I read every word.

It's very observable, pragmatically-empirically, that centralized government is clunky. Observe the slow growth future we have before us and the gigantic programs sucking away productive energy - Social Security and Medicare are terribly-designed and were from their start - as was warned at their inceptions.

Obama's word salad - an astounding display in both debates - is the opposite of anything pragmatically useful. Romney is somewhat better - he at least adverts to the productive capacity of the decentralized free market.


MRB


On 10/17/2012 4:49 PM, david buchanan wrote:
MRB said:
Centralized government systems only work for defense and justice-administration 
- at best.   This is because government is inertial.

Mark said:
Yes, and the smallest government possible to administer these things.  This is 
because of the expense of government.

dmb says:
I'll bet a hundred bucks that neither one of you bothered to read the article. 
If you had, you'd realize how un-pragmatic you're being.

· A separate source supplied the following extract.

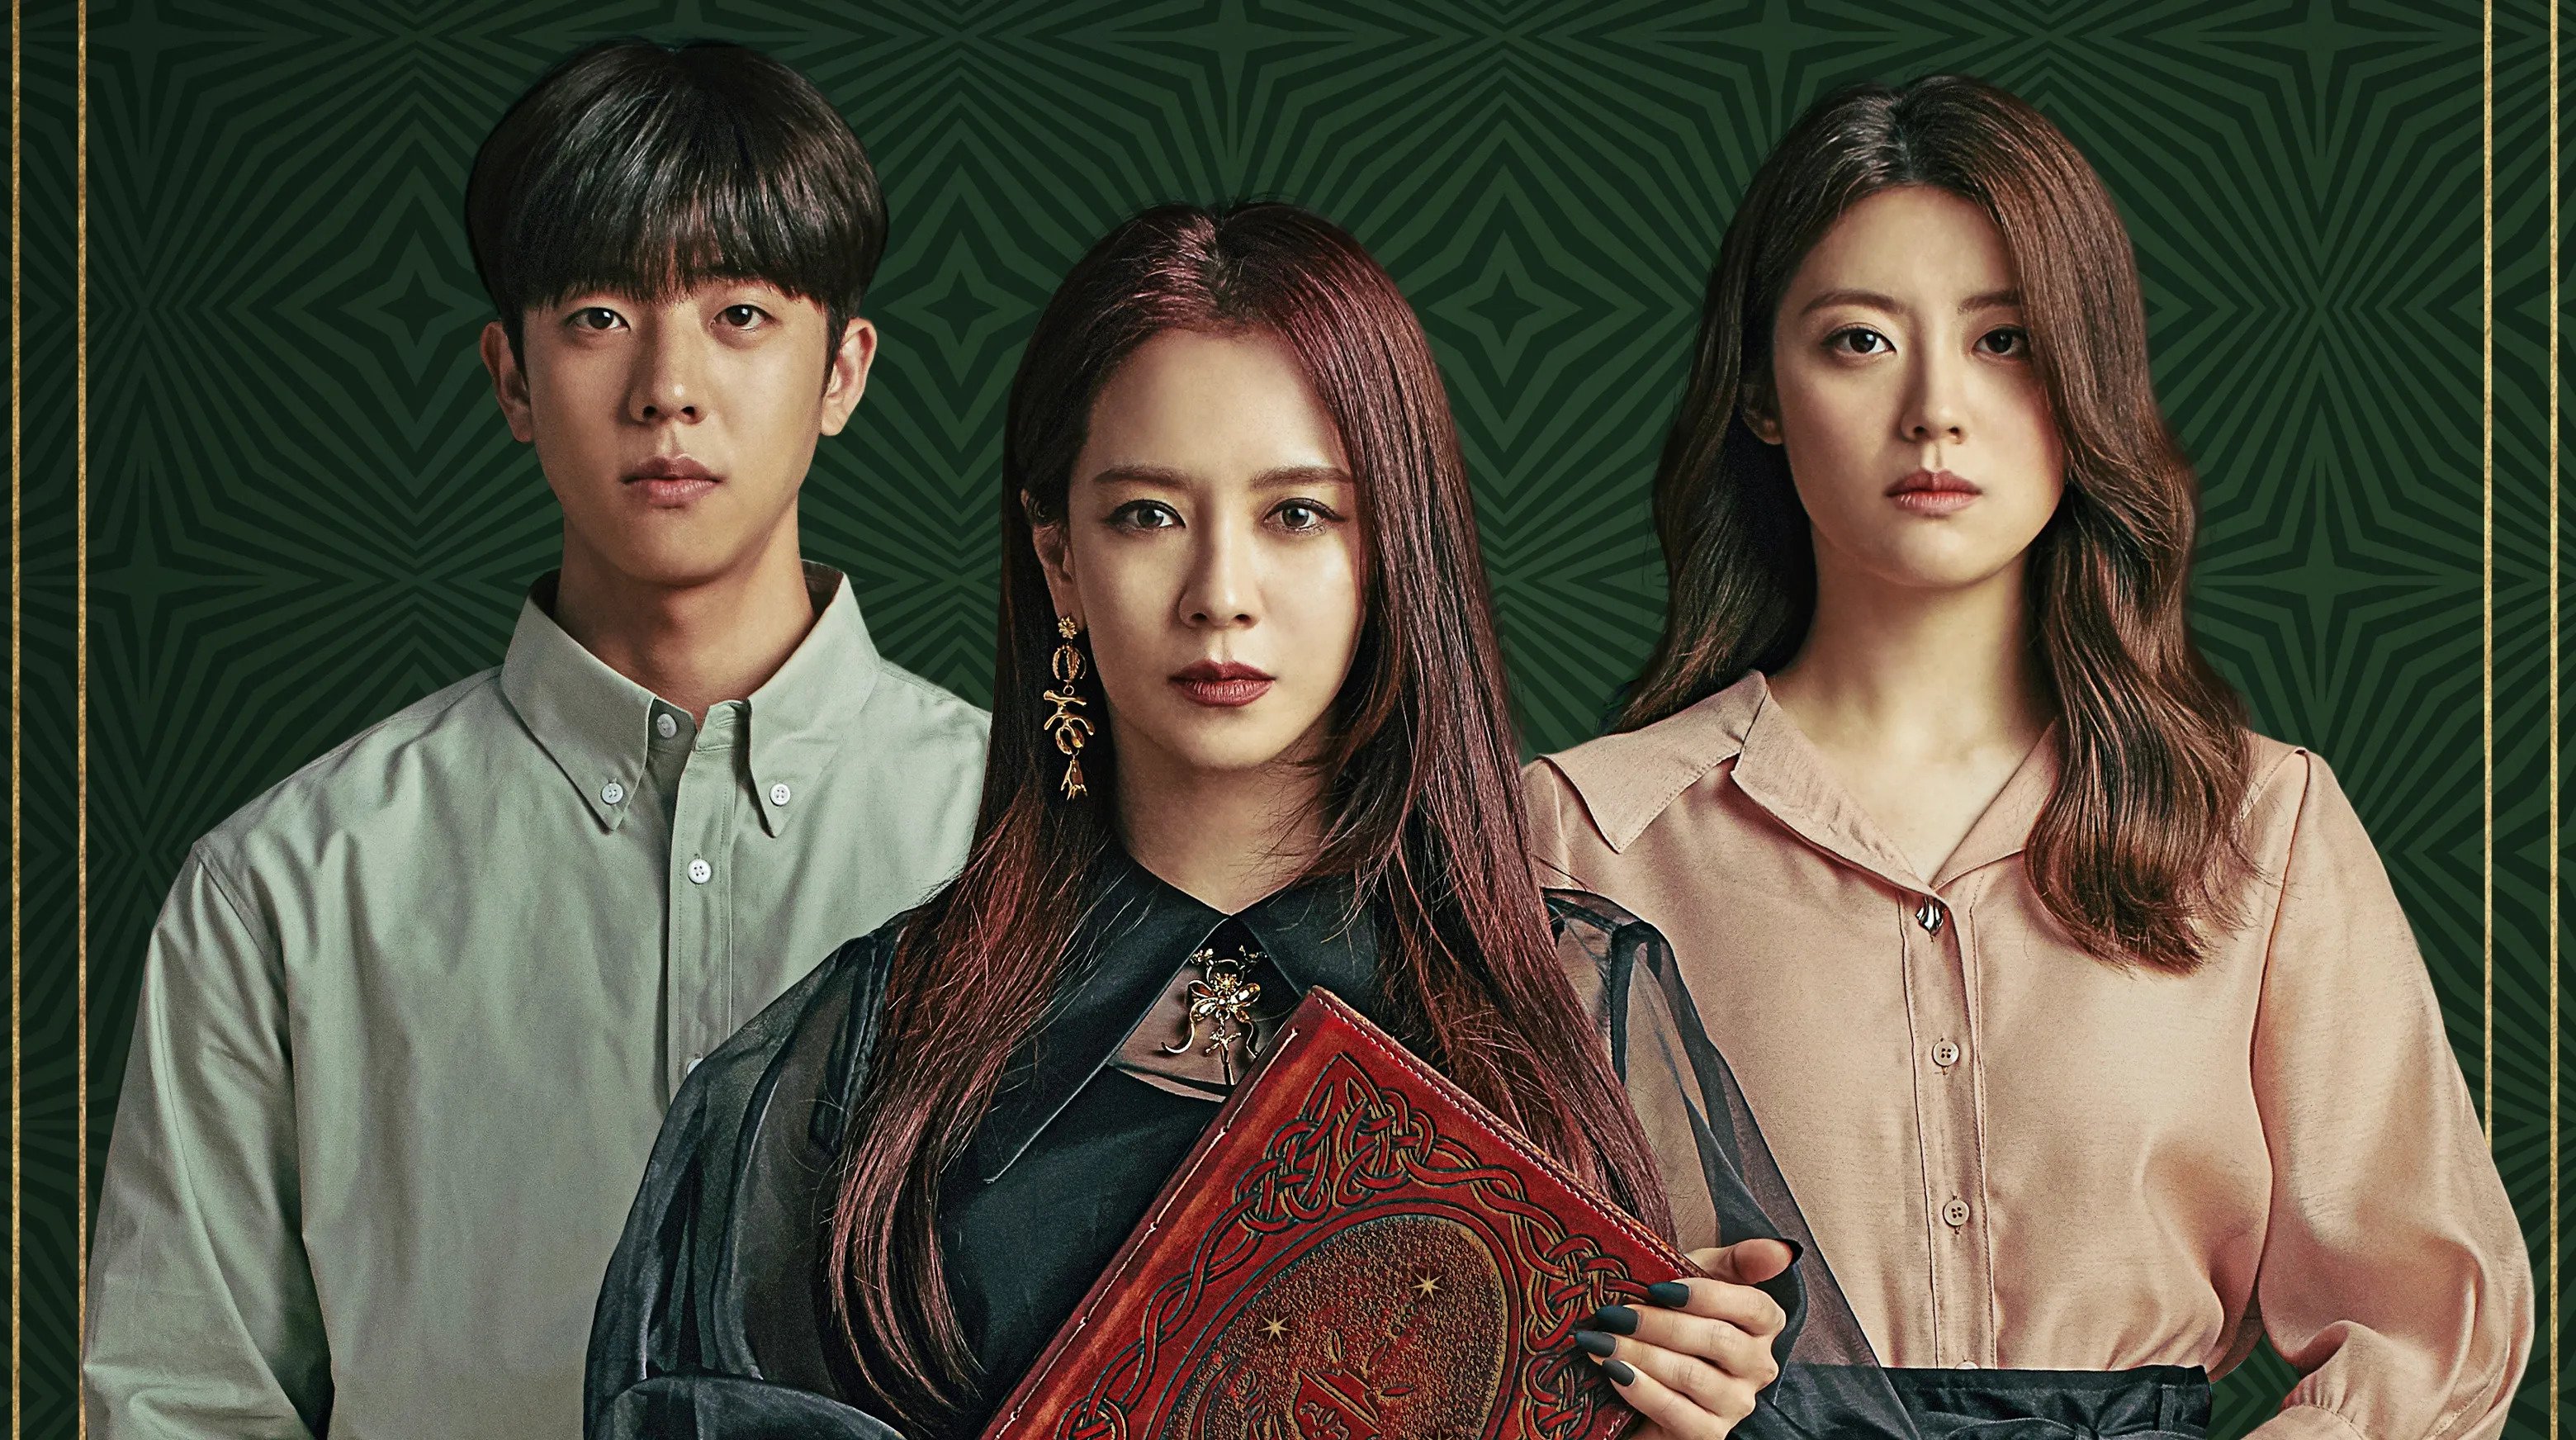 Chae Jong-Hyeop, Song Ji-Hyo and Nam Ji-Hyun 'The Witch's Diner' K-drama as their characters holding leather book

"Still, while James did want us to believe, he also wanted us to give up 
“ideologies.” He called pragmatism “[t]he attitude of looking away from first things, 
principles, ‘categories,’ supposed necessities; and of looking towards last things, 
fruits, consequences, facts.” Pragmatists can have principles but not self-verifying 
ones; they renounce any certainties that are based on claims of universal necessity.  In 
our world of chance and change, things may not go the way we want either intellectually 
or practically, so we have to look to the developing world of actions and results for 
support of, and challenges to, our most cherished faiths. The final test of even our 
logic is how well it leads us to act and live. Pragmatists therefore think, and act, 
provisionally, or subject to later changes in course."

"In 2006, Obama, then the junior senator from Illinois wrote in his memoir “The 
Audacity of Hope”, that the Constitution, rather than being a dead document based on 
settled principles, is “designed to force us into a conversation” and offers “a way by 
which we argue about our future.” And he criticized his own Democratic party for failing 
to bring new ideas to this argument, having become “the party of reaction”: “In reaction 
to a war that is ill-conceived, we appear suspicious of all military action. In reaction 
to those who proclaim the market can cure all ills, we resist efforts to use market 
principles to tackle pressing problems. In reaction to religious overreach, we equate 
tolerance with secularism and forfeit the moral language that would help infuse our 
policies with a larger meaning.” Obama challenged both parties to leave behind their 
ideological boilerplate and develop something new, something that all Americans can come 
to believe in."

And how do you guys respond? In knee-jerk fashion with the same old ideological 
boilerplate we've all heard a thousand times, that's how.


Sigh.

Troll, troll, troll away...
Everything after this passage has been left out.